To do >>
The whole listing needs retyping exactly; keep the pictures out of it.

Given information >>
--------
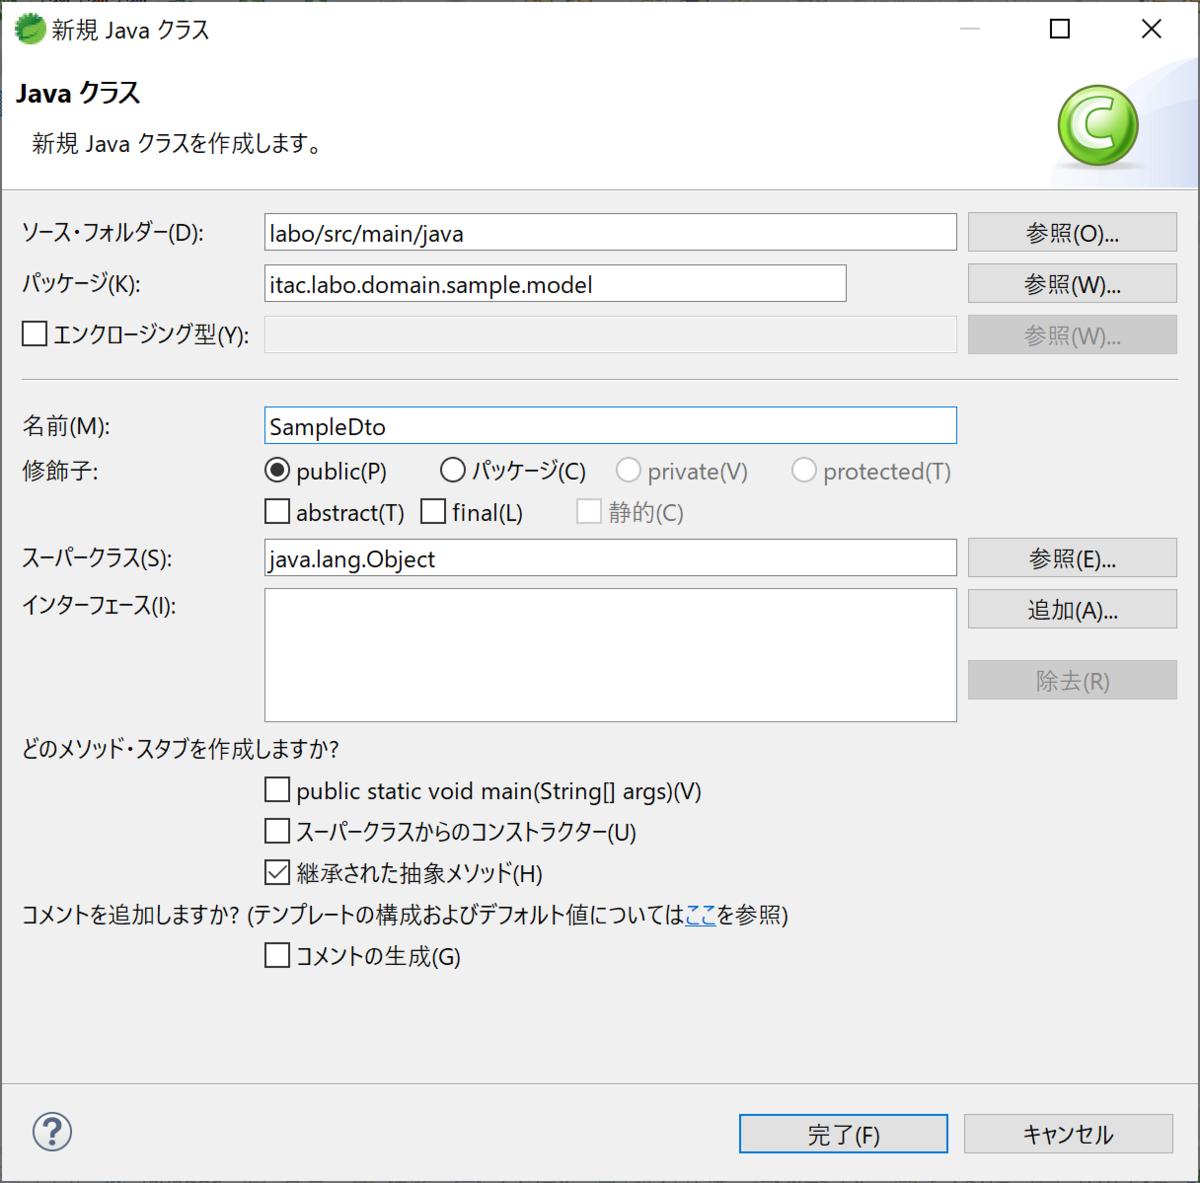 f:id:shizuuuka0202:20200521222754p:plain
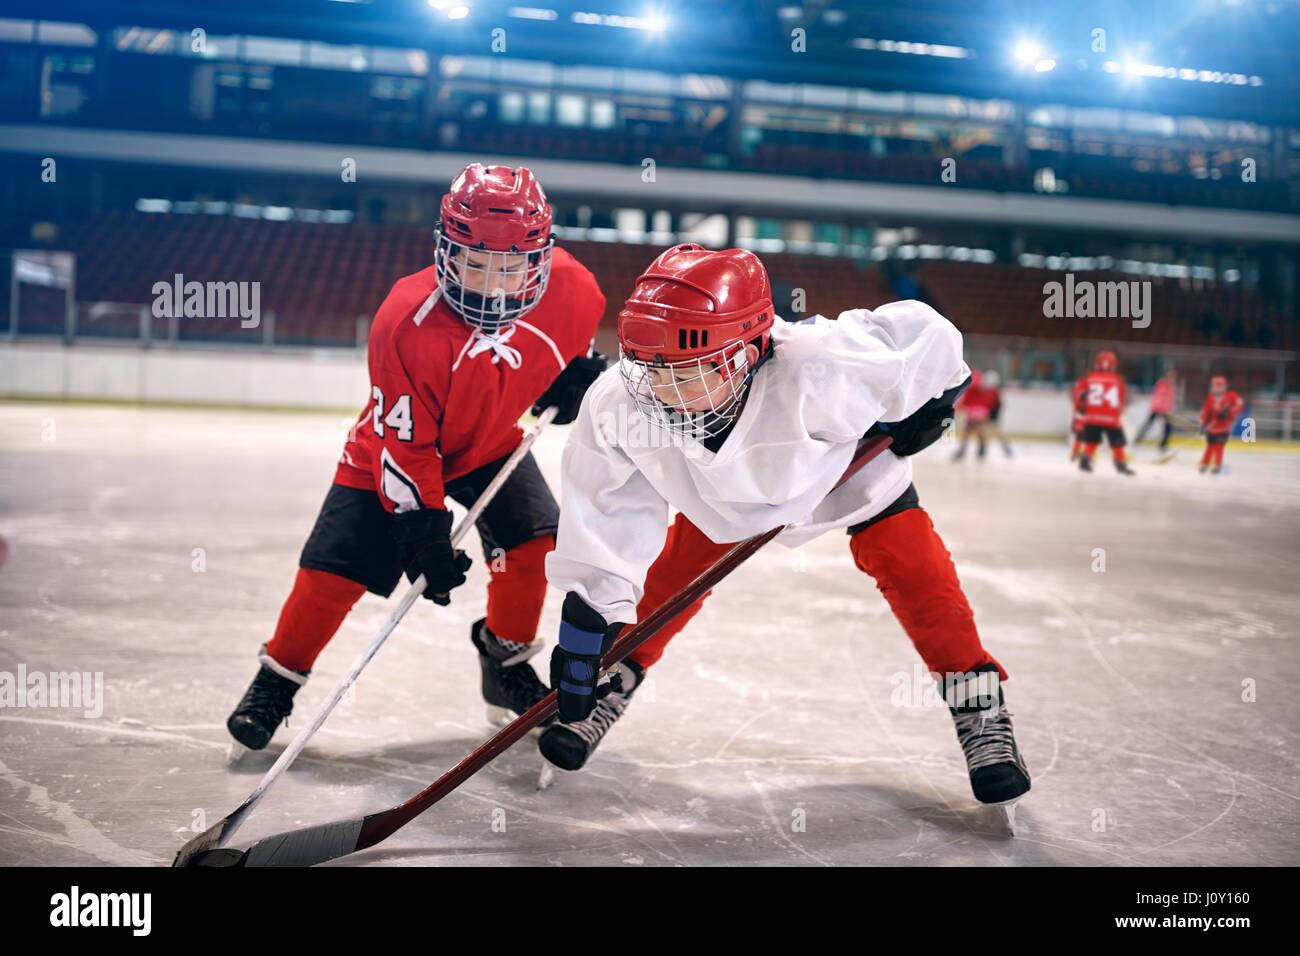 Les jeunes enfants joue au hockey sur glace Photo Stock
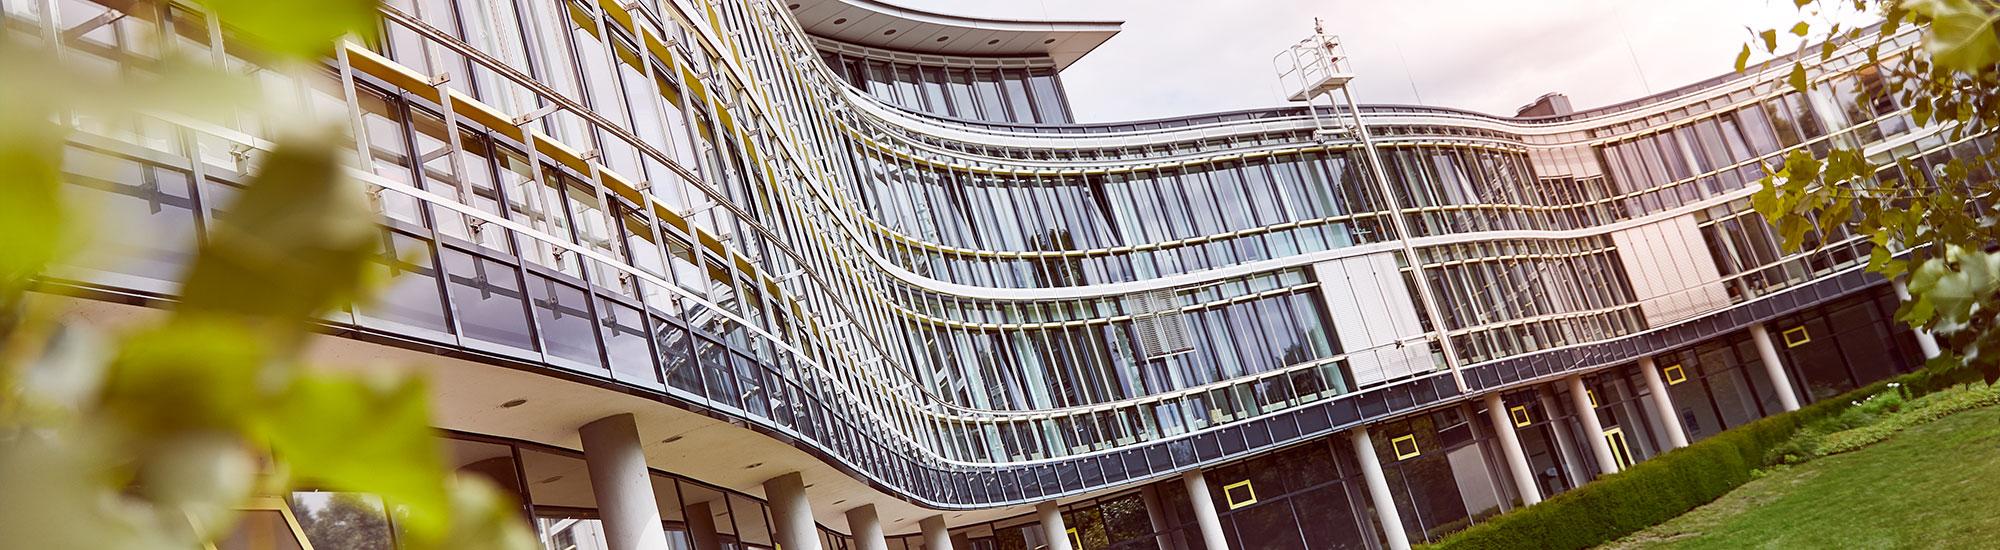 Hauptsitz des Fernleitungsnetzbetreibers Nowega in Münster
--------
Output below >>
 f:id:shizuuuka0202:20200521222754p:plain
 Les jeunes enfants joue au hockey sur glace Photo Stock
 Hauptsitz des Fernleitungsnetzbetreibers Nowega in Münster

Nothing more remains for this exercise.